Whether or non the Songcos’ can claim the insurance returns despite the fact that the vehicle concerned was an proprietor and non a common bearer. HELD: YES Opinion: The footing for the favourable judgement is the philosophy announced in Qua Chee Gan v. Law Union and Rock Insurance Co. . where unjust behavior is shown by an insurance house. it is “estopped from implementing forfeitures in its favour. in order to prevent fraud or infliction on the insured. ” This is a instance where the philosophy of estoppel undeniably calls for application. After suppliant Fieldmen’s Insurance Co. . Inc. had led the insured Federico Songco to believe that he could measure up under the common bearer liability insurance policy. and to come in into contract of insurance paying the premiums due. it could non. be permitted to alter its base to the hurt of the inheritors of the insured. lt would now trust on the fact that the insured owned a private vehicle. non a common bearer. something which it knew wholly along when non one time but twice its agent. no uncertainty without any expostulation in its portion. exerted the extreme force per unit area on the insured. a adult male of light instruction. to come in into such a contract.

This was clearly a misrepresentation on the portion of the company. Article 1377: the reading of vague words or judicial admissions in a contract shall non prefer the party who caused the obscureness. In the instance at saloon. even if it be assumed that there was an ambiguity. taking into history the good known regulation that ambiguities or obscurenesss must be purely interpreted against the party that caused them ( fieldman in the present instance ) . This stiff application of the regulation on ambiguities has become necessary in position of current concern patterns.

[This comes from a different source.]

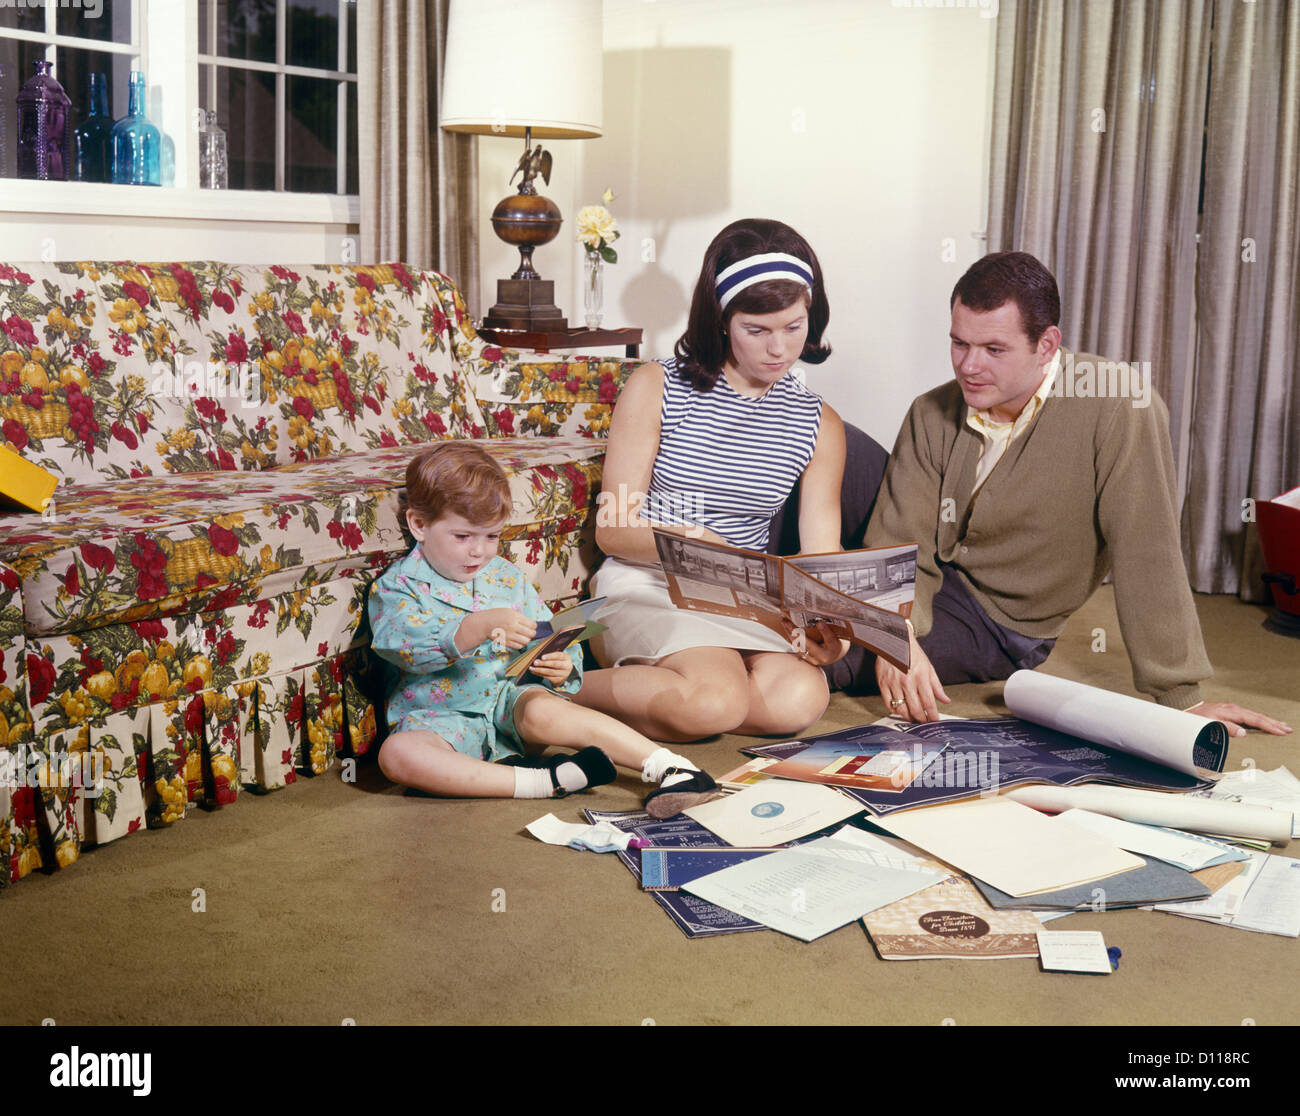 1970s FAMILY MOTHER FATHER DAUGHTER READING BLUEPRINTS PLANS FOR NEW HOME Stock Photo

The tribunals can non disregard that nowadays monopolies. trusts and concentration of capital. endowed with overpowering economic power. manage to enforce upon parties covering with them cutely prepared ‘agreements’ that the weaker party may non alter one shred. his engagement in the ‘agreement’ being reduced to the option to ‘take it or go forth it’ labelled since Raymond Saleilles ‘contracts by adherence’ ( contrats d’adhesion ) . in contrast to those entered into by parties dickering on an equal terms. such contracts ( of which policies of insurance and international measures of ladling are premier illustrations ) evidently call for greater stringency and watchfulness on the portion of tribunals of justness with a position to protecting the weaker party from maltreatments and infliction. and prevent their going traps for the unwary “The contract of insurance is one of perfect good religion ( uberima fides ) non for the insured entirely. but every bit so for the insurance company ; in fact. it is more so for the latter. since its dominant bargaining place carries with it stricter duty. ”

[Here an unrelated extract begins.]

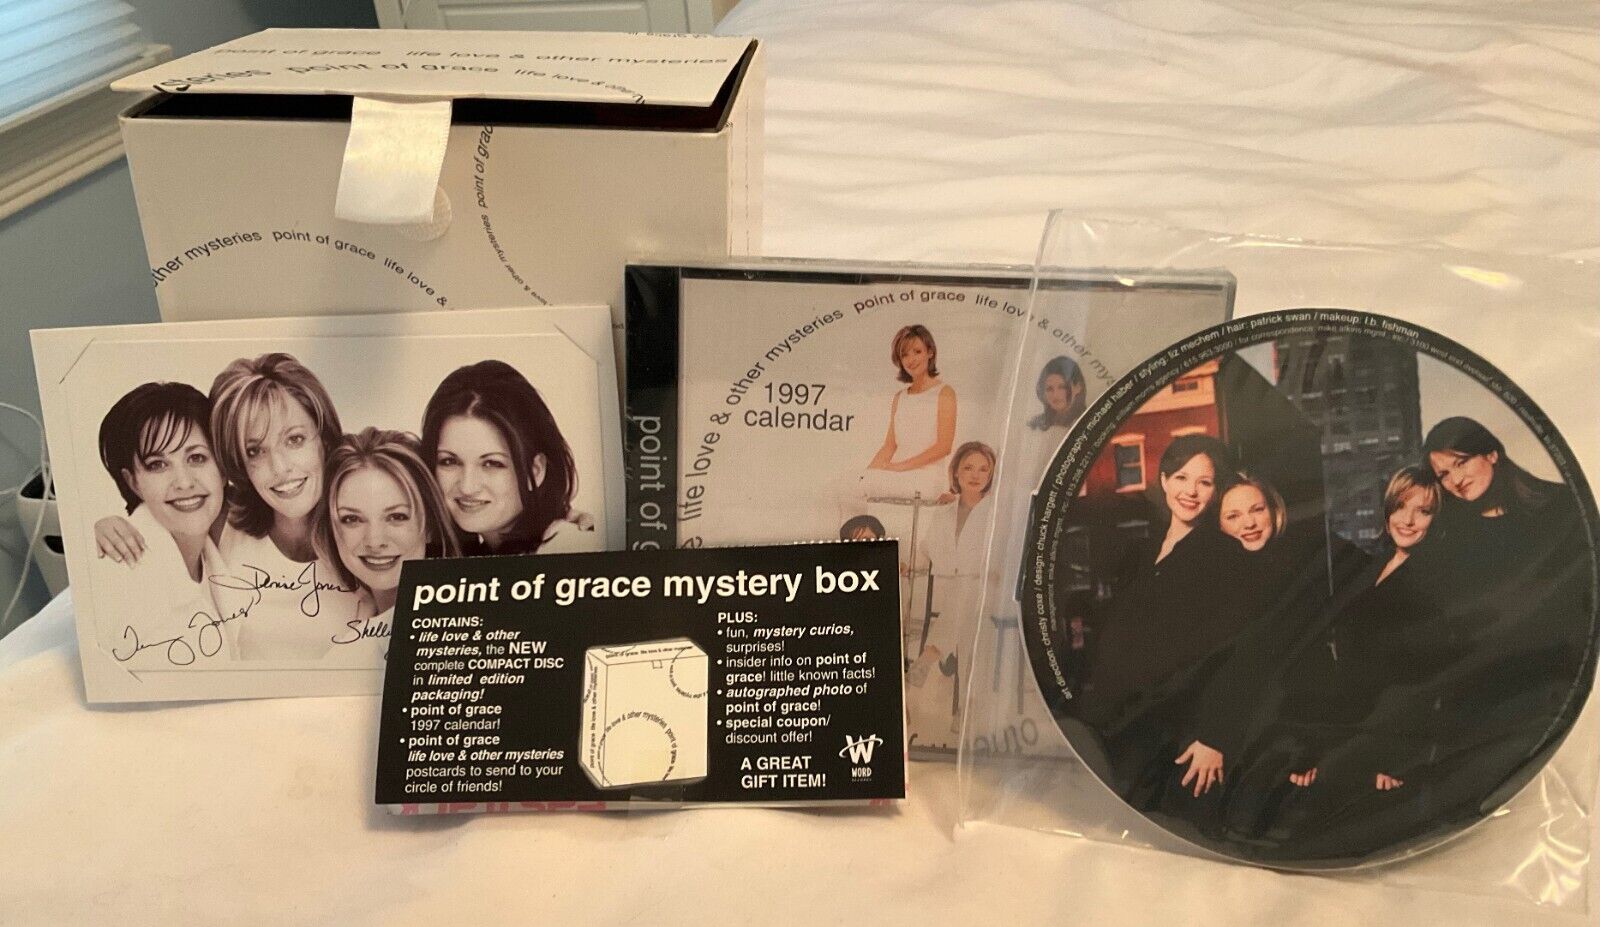 Lot of Point of Grace Christian Music/Memorabilia - CDs Books DVDs Signed Photos

9 This is simply to emphasize that while the morality of the concern universe is non the morality of establishments of uprightness like the dais and the academia. it can non fall so low as to be another name for craft or misrepresentation. Furthermore. should it go on therefore. no tribunal of justness should let itself to impart its blessing and support. 1awphil. net We have no pick but to acknowledge the pecuniary duty of suppliant Fieldmen’s Insurance Co. . Inc. It did non win in its relentless attempt to avoid following with its duty in the lower tribunal and the Court of Appeals. Much less should it happen any receptiveness from us for its indefensible and undue supplication to get away from its liability.